Nel suo libro Dumb but Lucky!: Confessions of a P-51 Fighter Pilot in World War II, il pilota Richard Curtis racconta di due “esibizioni”  del campione del mondo dei pesi massimi di cui  fu spettatore, la prima  Casablanca, la seconda a San Severo. Nel primo caso, Curtis parla di exhibition match, nel secondo, quello di San Severo, di exhibition bout che significa più o meno incontro dimostrativo.
Per quanto ne so io direttamente, avendo avuto modo di parlarne con uno dei protagonisti, il mio amico Vincenzo Affatato, si tratto di una esibizione, però non incruenta. Come dire, il bombardiere nero le suonò di santa ragione ai pugili foggiani che gli vennero opposti. Ma dove? La foto pubblicata da Brescia e da De Tullio rilancia la questione. Autori che ne hanno scritto come Pino Autunno e Alberto Mangano sono cvoncordi nell’indicare il luogo dell’exhibition bout nello stadio Zaccheria (che allora non si chiamava ancora così, ma Campo Sportivo del Littorio). La foto mostra ben altra location.

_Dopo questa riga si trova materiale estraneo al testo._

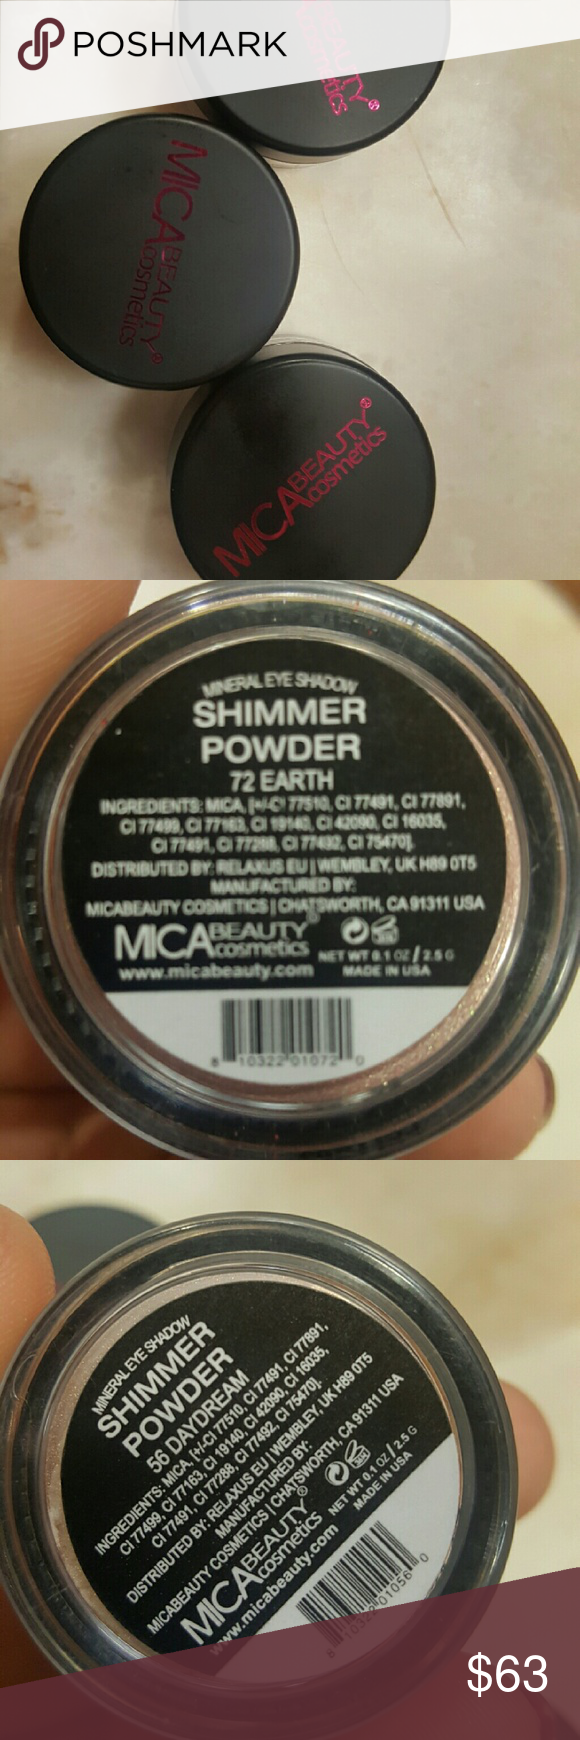 Mica Cosmetics Mica cosmetics, Loose powder, Cosmetics

Vista l’ampiezza e la densità del Foggia Airfield Complex (durante l’occupazione alleata si snodavano nel Tavoliere ben 21 campi d’aviazione, chi volesse approfondire trova altre notizie qui), non si può escludere che Louis si sia esibito parecchie volte. Sicuramente, oltre che a Foggia e a San Severo, il campione salì sul ring anche a Cerignola – come ha affermato Tommaso Palermo -, presso il 34th Station Hospital.